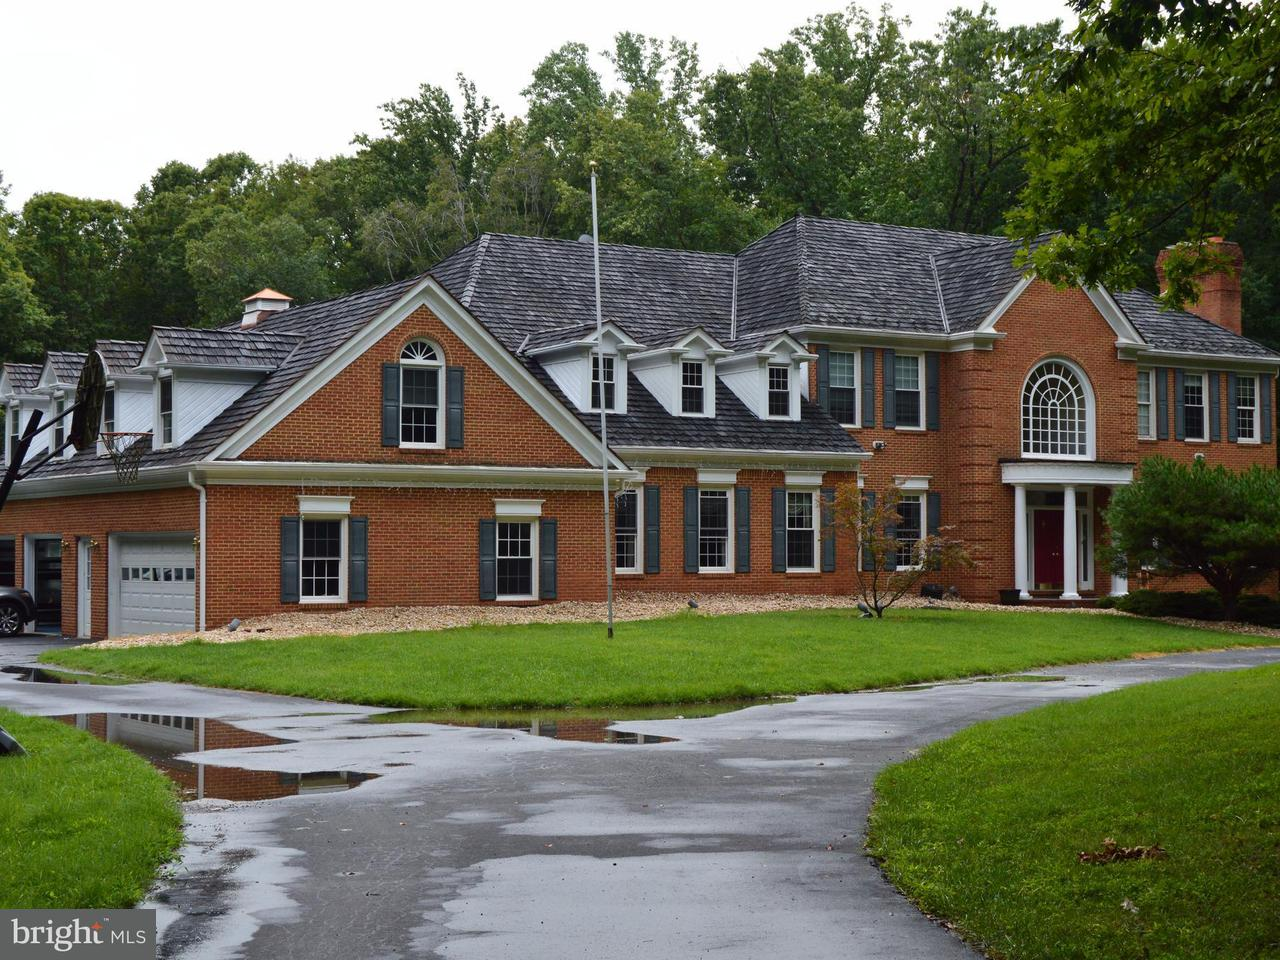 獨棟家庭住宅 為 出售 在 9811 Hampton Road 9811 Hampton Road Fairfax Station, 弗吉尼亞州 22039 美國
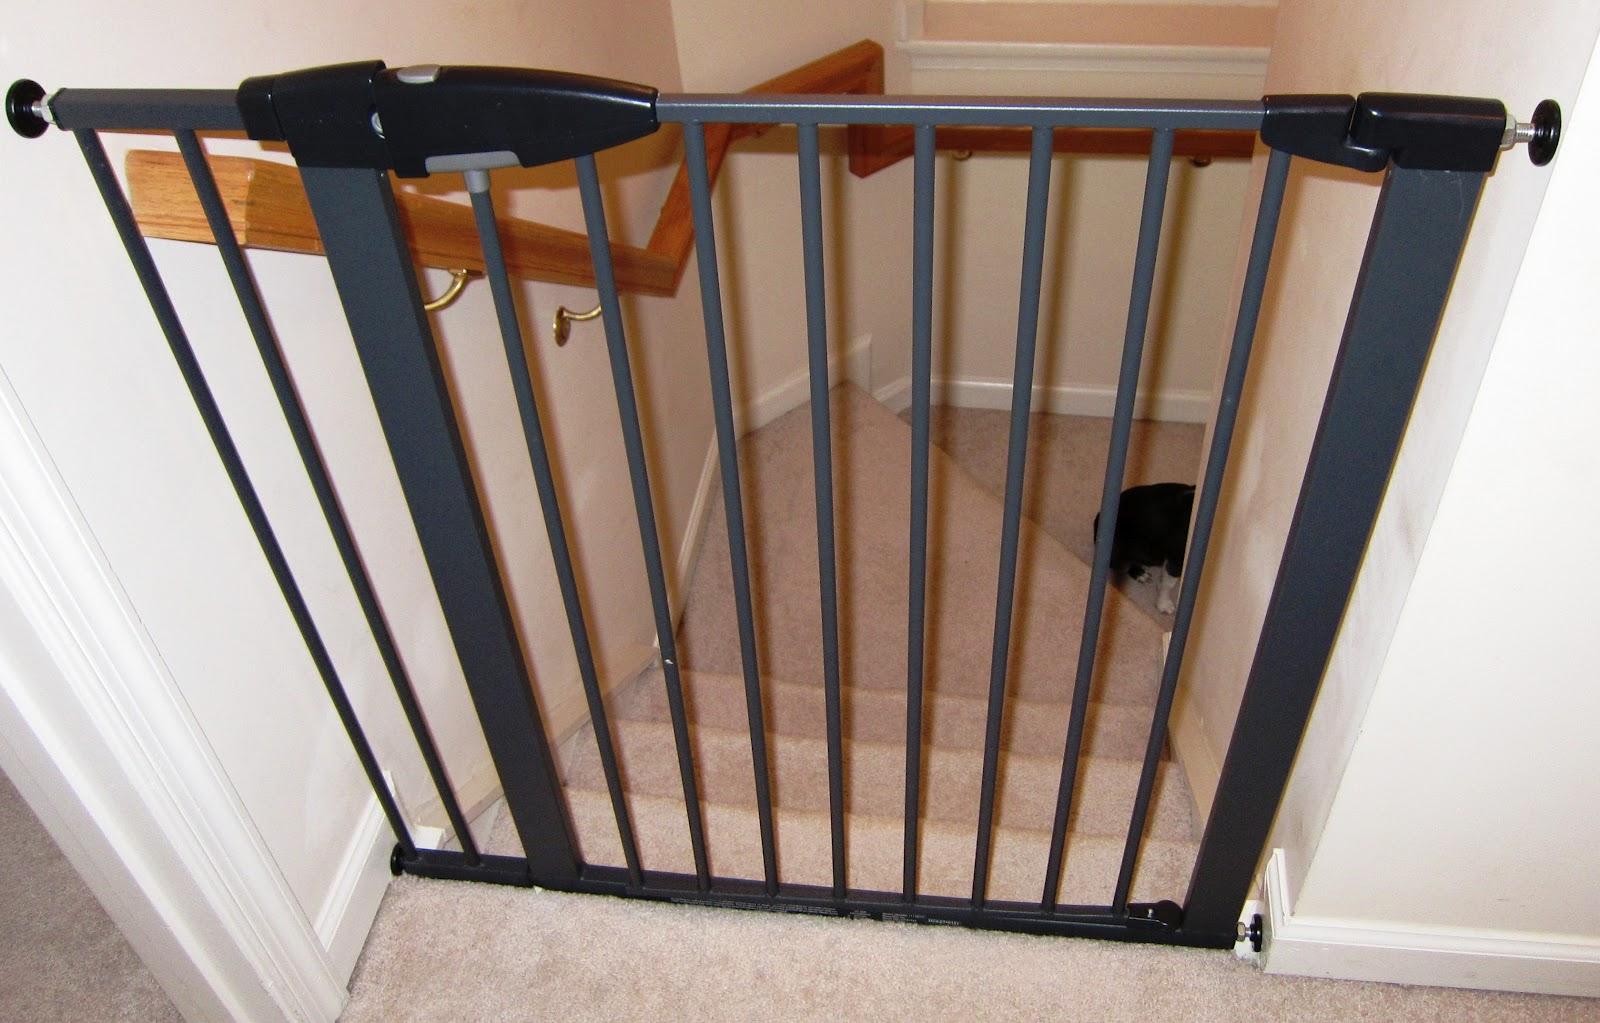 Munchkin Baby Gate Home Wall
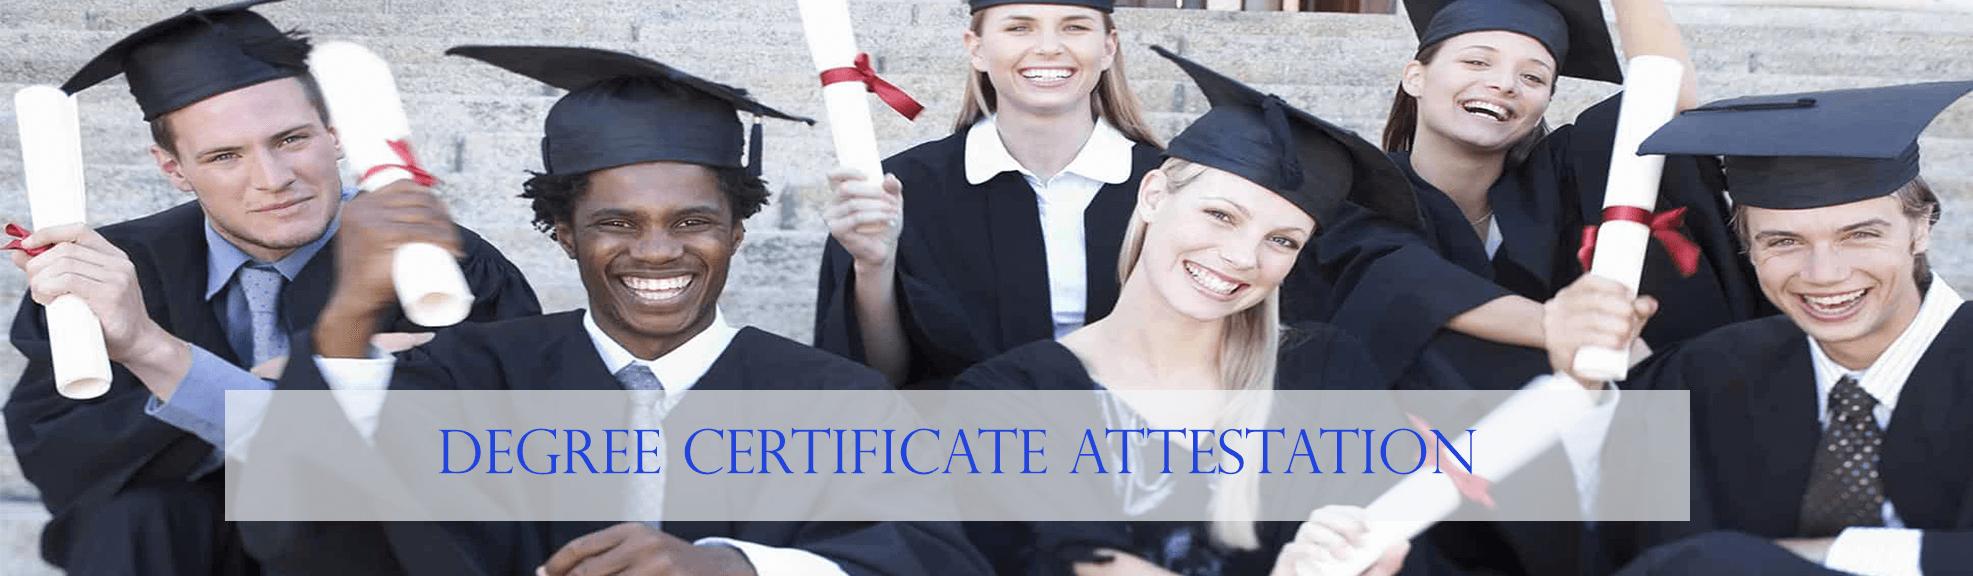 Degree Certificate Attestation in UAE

## TASK
Using the data above, print every line exactly, omitting pictures.

## RESPONSE
 獨棟家庭住宅 為 出售 在 9811 Hampton Road 9811 Hampton Road Fairfax Station, 弗吉尼亞州 22039 美國
 Munchkin Baby Gate Home Wall
 Degree Certificate Attestation in UAE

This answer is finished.